Kimi (by Moonshot AI) provides access to its advanced language models through an API. This document outlines how to use the Kimi API within the OneSDK framework, offering a seamless integration for various natural language processing tasks.
To use the Kimi API, initialize the OneSDK with your Kimi API key:
from llm_onesdk import OneSDK
kimi_sdk = OneSDK("kimi", {
"api_key": "your_api_key_here",
"api_url": "https://api.moonshot.cn/v1/" # Optional: Use this to override the default base URL
})
Alternatively, you can set the API key as an environment variable MOONSHOT_API_KEY
, and the SDK will automatically use it.
To get a list of available models:
models = kimi_sdk.list_models()
print(models)
To get information about a specific model:
model_info = kimi_sdk.get_model("model_id")
print(model_info)
To generate text, use the generate
method. Specify the model and provide a list of messages:
model = "kimi-model-name" # Replace with an actual Kimi model name
messages = [{"role": "user", "content": "Explain the concept of blockchain technology."}]
response = kimi_sdk.generate(model, messages)
print(response['choices'][0]['message']['content'])
For longer responses or to get partial results as they're generated, use the stream_generate
method:
for chunk in kimi_sdk.stream_generate(model, messages):
print(chunk['delta']['text'], end='', flush=True)
To estimate the number of tokens in your input:
token_count = kimi_sdk.count_tokens(model, messages)
print(f"Token count: {token_count}")
Kimi supports context caching for more efficient conversations:
# Create a context cache
cache = kimi_sdk.create_cache(
model,
messages,
tools=[{"type": "function", "function": {"name": "get_weather", "description": "Get the weather for a location"}}],
name="My Context",
description="A sample context",
metadata={"key": "value"},
ttl=3600 # Cache expires after 1 hour
)
# List available caches
caches = kimi_sdk.list_caches(limit=10, order="desc", metadata={"key": "value"})

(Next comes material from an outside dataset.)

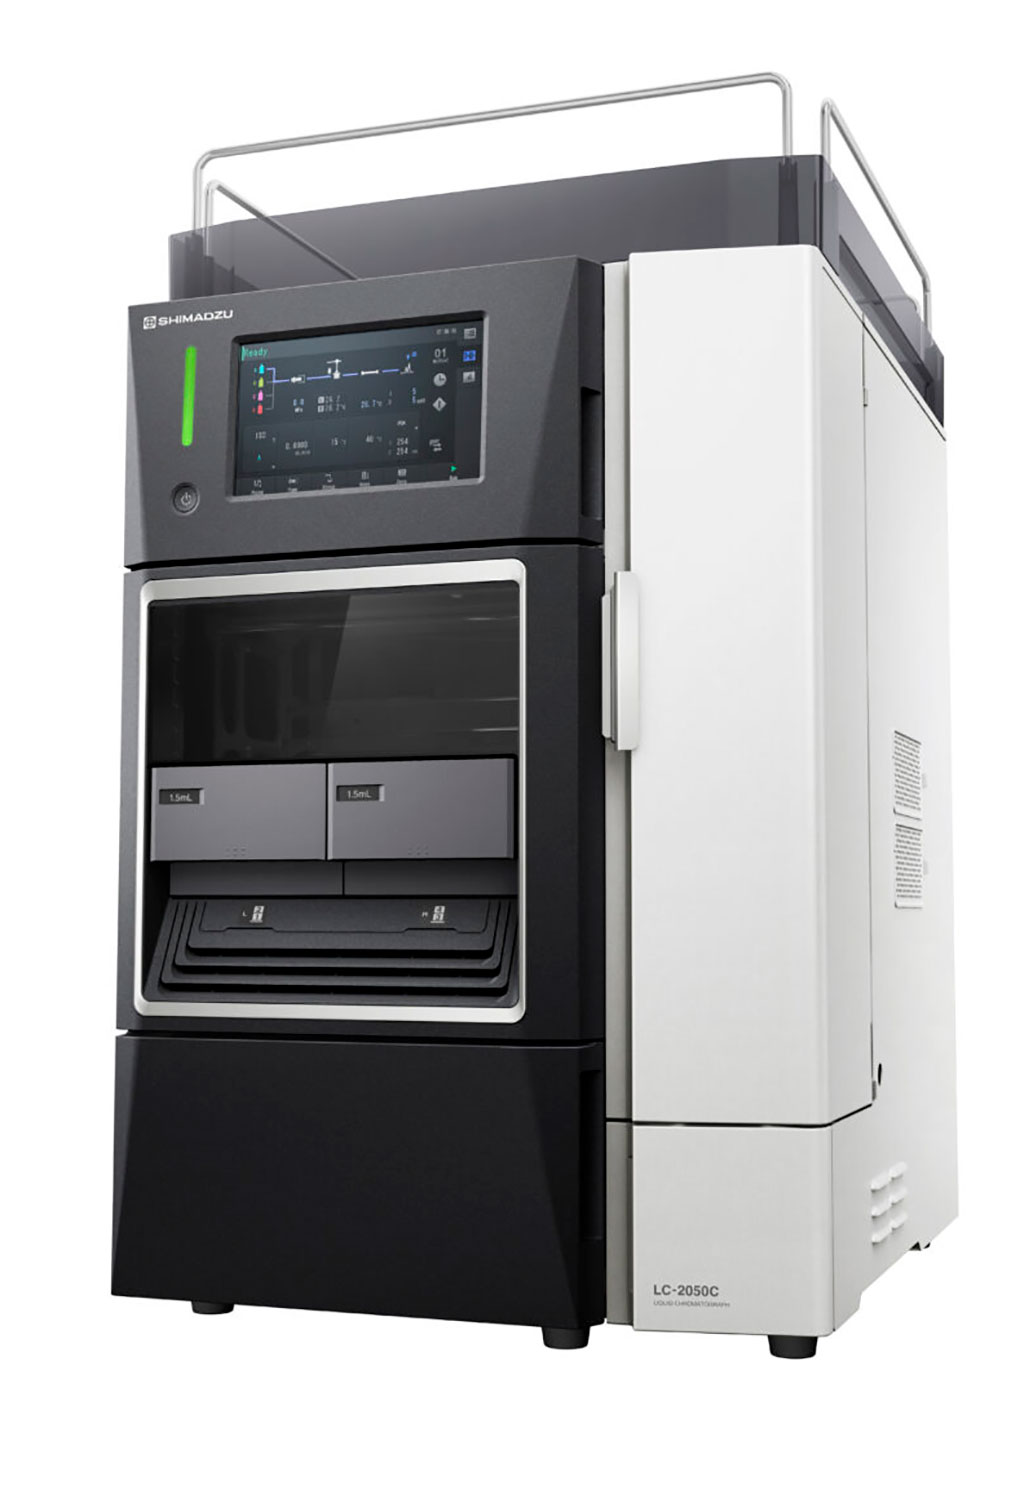 Image: The HPLC model: LC-2050 series, three types of detector setup (UV, PDA, detector-less) are available to suit any analysis methods and aims (Photo courtesy of Shimadzu)
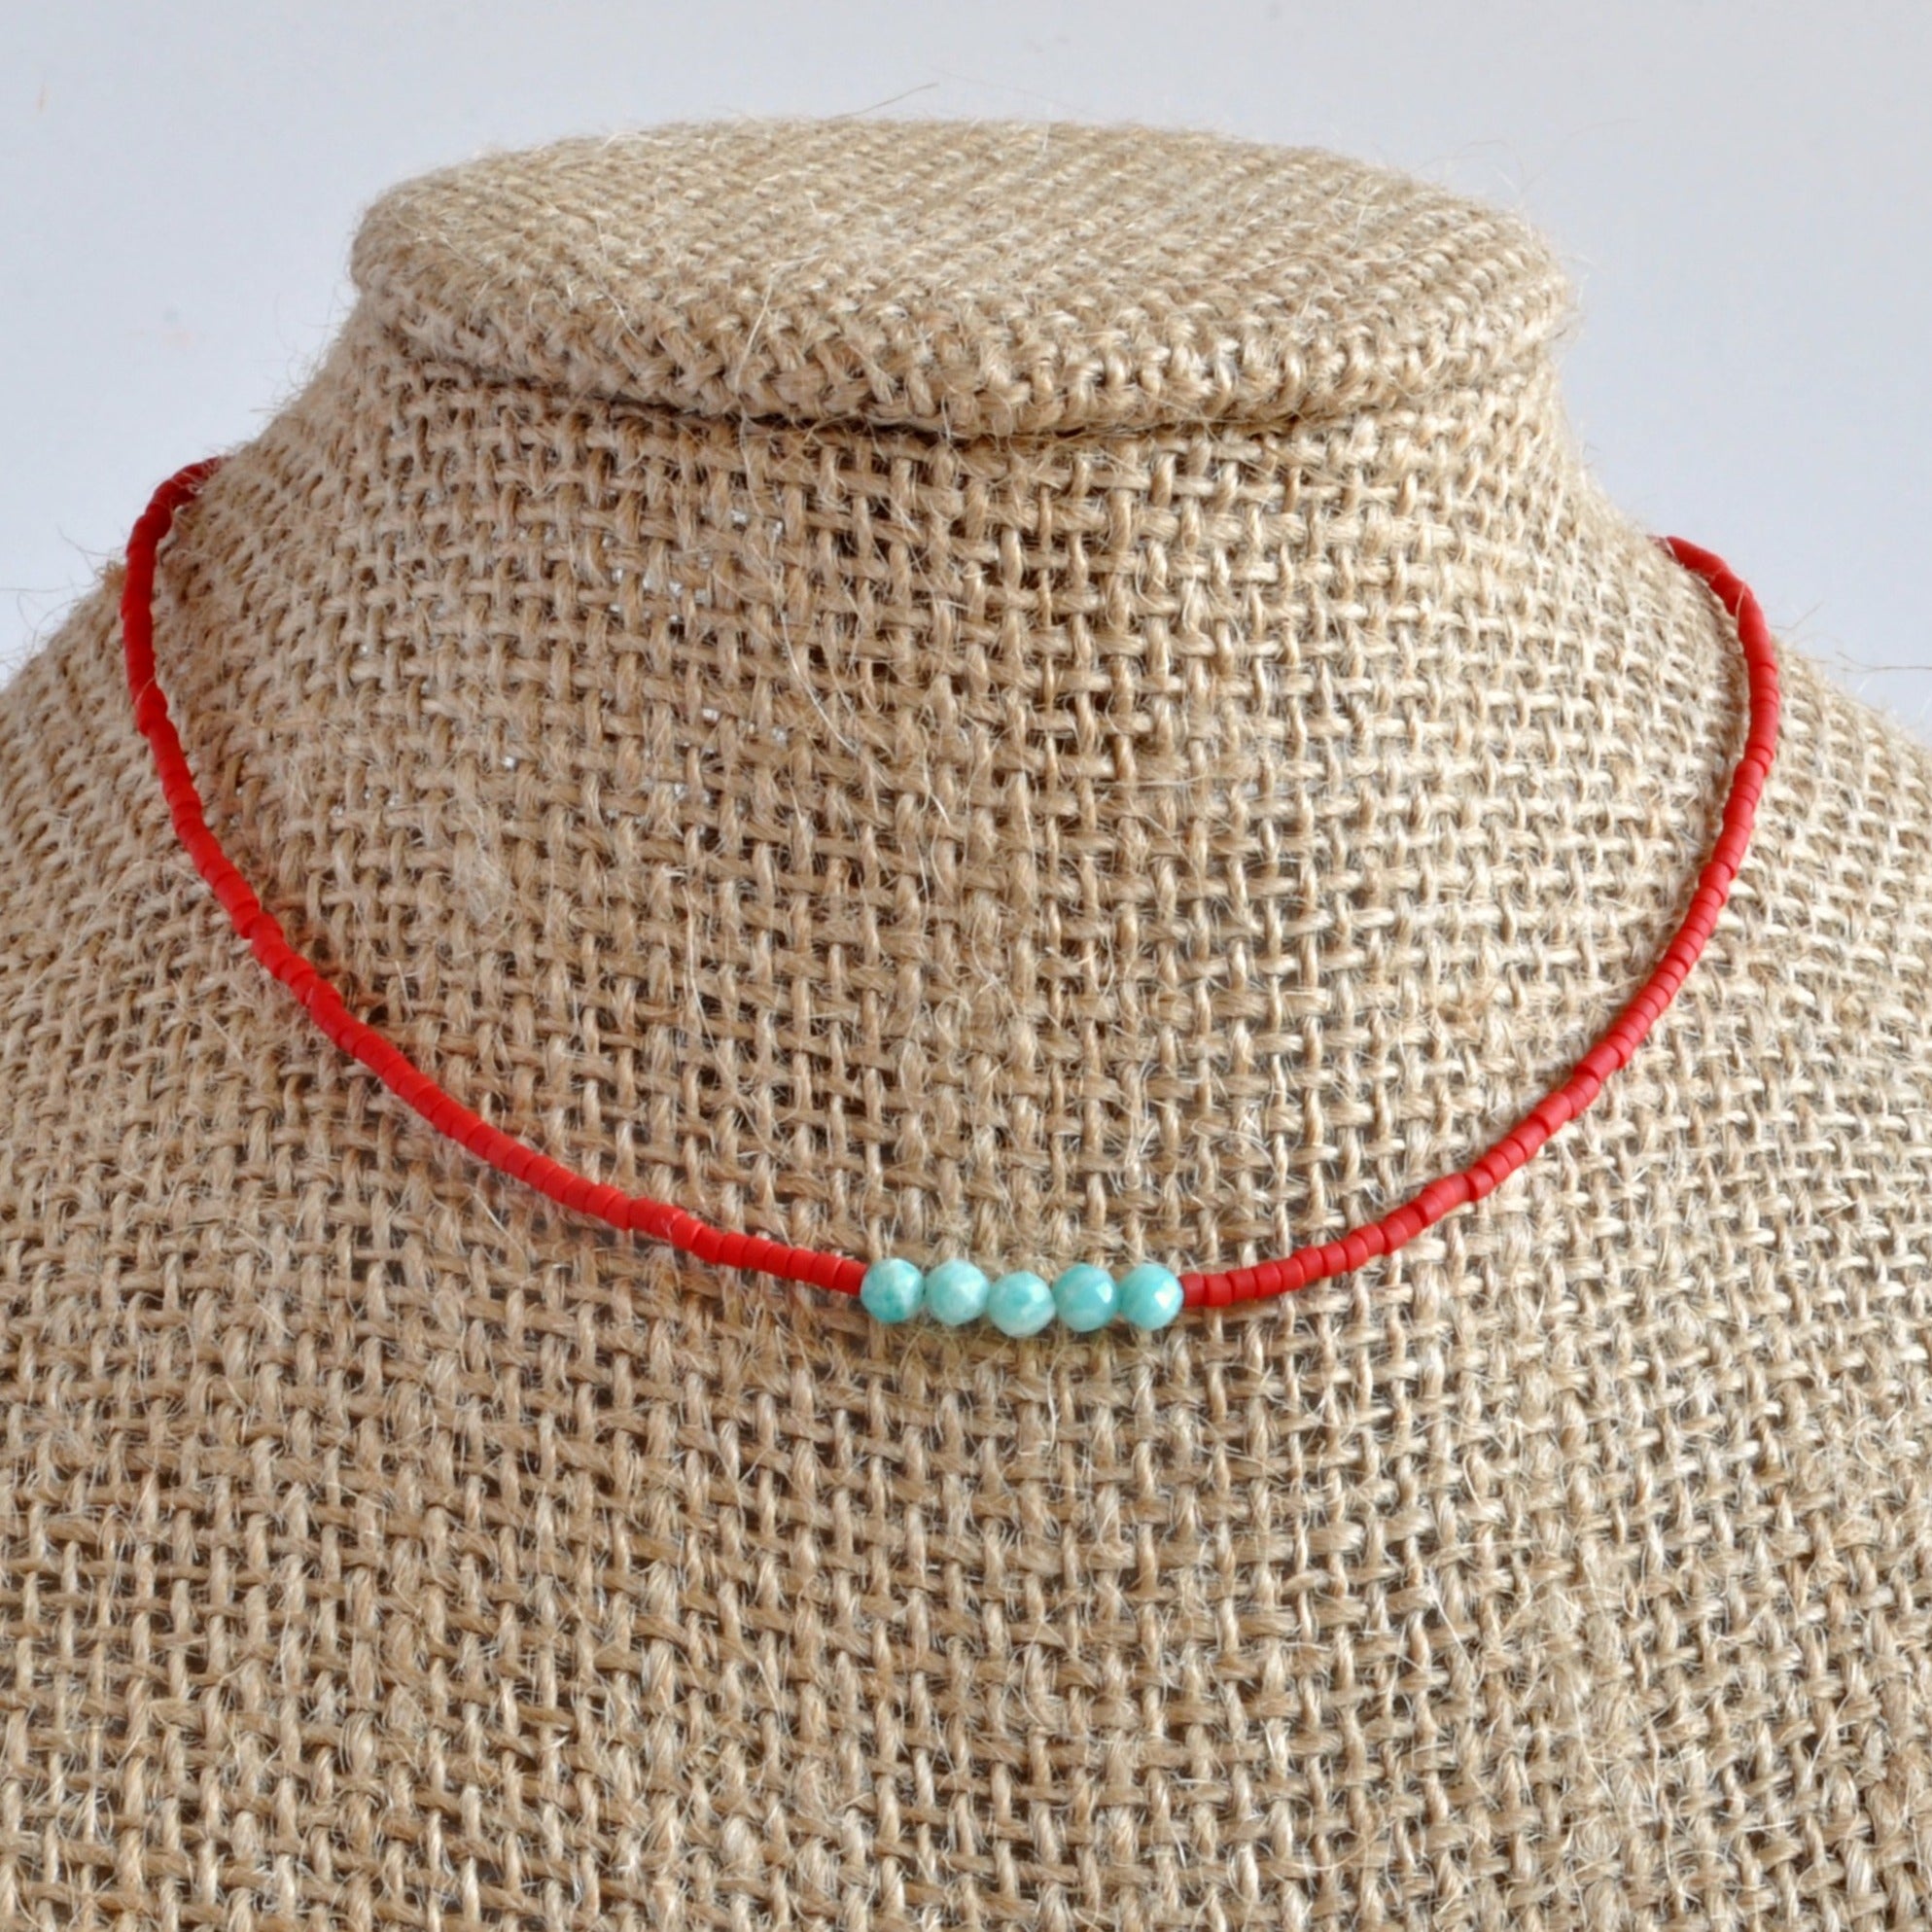 Libby & Smee matte red beaded choker necklace with turquoise Amazonite accent beads on mannequin

# Get information about a specific cache
cache_info = kimi_sdk.get_cache(cache['id'])
# Update a cache
kimi_sdk.update_cache(cache['id'], metadata={"new_key": "new_value"}, ttl=7200)
# Delete a cache
kimi_sdk.delete_cache(cache['id'])
Kimi allows you to create and manage tags for context caches:
# Create a tag for a cache
tag = kimi_sdk.create_tag("my_tag", cache['id'])
# List tags
tags = kimi_sdk.list_tags(limit=10, order="desc")
# Get information about a specific tag
tag_info = kimi_sdk.get_tag("my_tag")
# Get the content of a cache associated with a tag
tag_content = kimi_sdk.get_tag_content("my_tag")
# Delete a tag
kimi_sdk.delete_tag("my_tag")
To use a proxy for API calls:
kimi_sdk.set_proxy("http://your-proxy-url:port")
The SDK raises InvokeError
or its subclasses for various error conditions. Always wrap your API calls in try-except blocks:
from llm_onesdk.utils.error_handler import (
InvokeError, InvokeConnectionError, InvokeServerUnavailableError,
InvokeRateLimitError, InvokeAuthorizationError, InvokeBadRequestError
)
try:
response = kimi_sdk.generate(model, messages)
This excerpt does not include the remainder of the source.